In [1]:
title = "# Introduction to Bayesian statistics: exercises"
# Print title and setup TeX defs for both KaTeX and MathJax
import bayesian_stats_course_tools
bayesian_stats_course_tools.misc.display_markdown_and_setup_tex(title)

import matplotlib.style
matplotlib.style.use("bayesian_stats_course_tools.light")

# Introduction to Bayesian statistics: exercises

<!-- Define LaTeX macros -->
$\def\E{\operatorname{E}}$
$\def\Var{\operatorname{Var}}$
$\def\Cov{\operatorname{Cov}}$
$\def\dd{\mathrm{d}}$
$\def\ee{\mathrm{e}}$
$\def\Norm{\mathcal{N}}$
$\def\Uniform{\mathcal{U}}$

<!-- MathJax needs them to be defined again for the non-inline environment -->
$$\def\E{\operatorname{E}}$$
$$\def\Var{\operatorname{Var}}$$
$$\def\Cov{\operatorname{Cov}}$$
$$\def\dd{\mathrm{d}}$$
$$\def\ee{\mathrm{e}}$$
$$\def\Norm{\mathcal{N}}$$
$$\def\Uniform{\mathcal{U}}$$

# Exercise 1

- Implement your own version of the line-fitting procedure, using the same data.
- Now try it with the data in `lectures/data/linear_fits/data_1.txt`
    - First plot the data. What has changed?
    - Try the same model and likelihood on the new data.

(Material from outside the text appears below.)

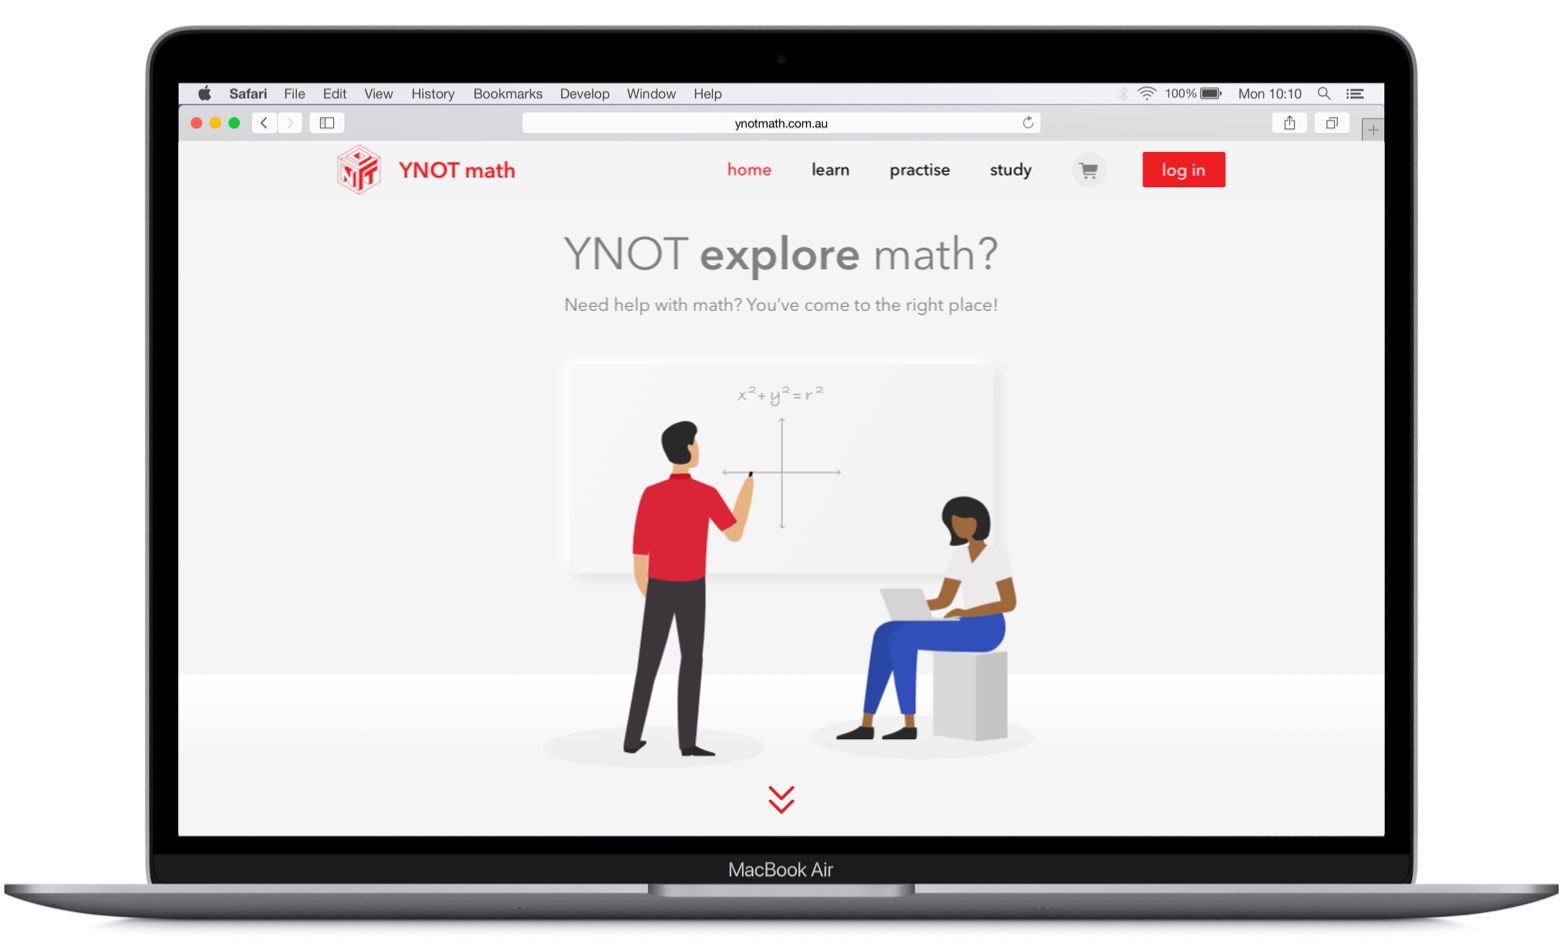 The YNOT math website running on a laptop

You might want to adjust the prior on $m$ and $b$ for this new data set.
    - What if you use the provided uncertainty per data point $\sigma_{y_i}$, instead of assuming a constant variance $\sigma_y$ for all data points?
    - Instead use the actual likelihood of the data:
\begin{align}
    \mu(x) &= mx + b \\
    \sigma(x_i) &= \sigma_{y_i} + f\mu(x_i)^2 \quad f > 0\ \text{a parameter} \\
    y_i&\sim\Norm(\mu(x_i),\sigma(x_i)^2)
\end{align}
Careful with the normalisation of the Gaussian likelihood. Because we vary the variance, this matters now!

# Exercise 2

The data in the previous example were a synthetic version of real observations that were obtained in an AstroWoche project in 2024 by Jonas Spiller, Theo Lequy, Clara Bleich. 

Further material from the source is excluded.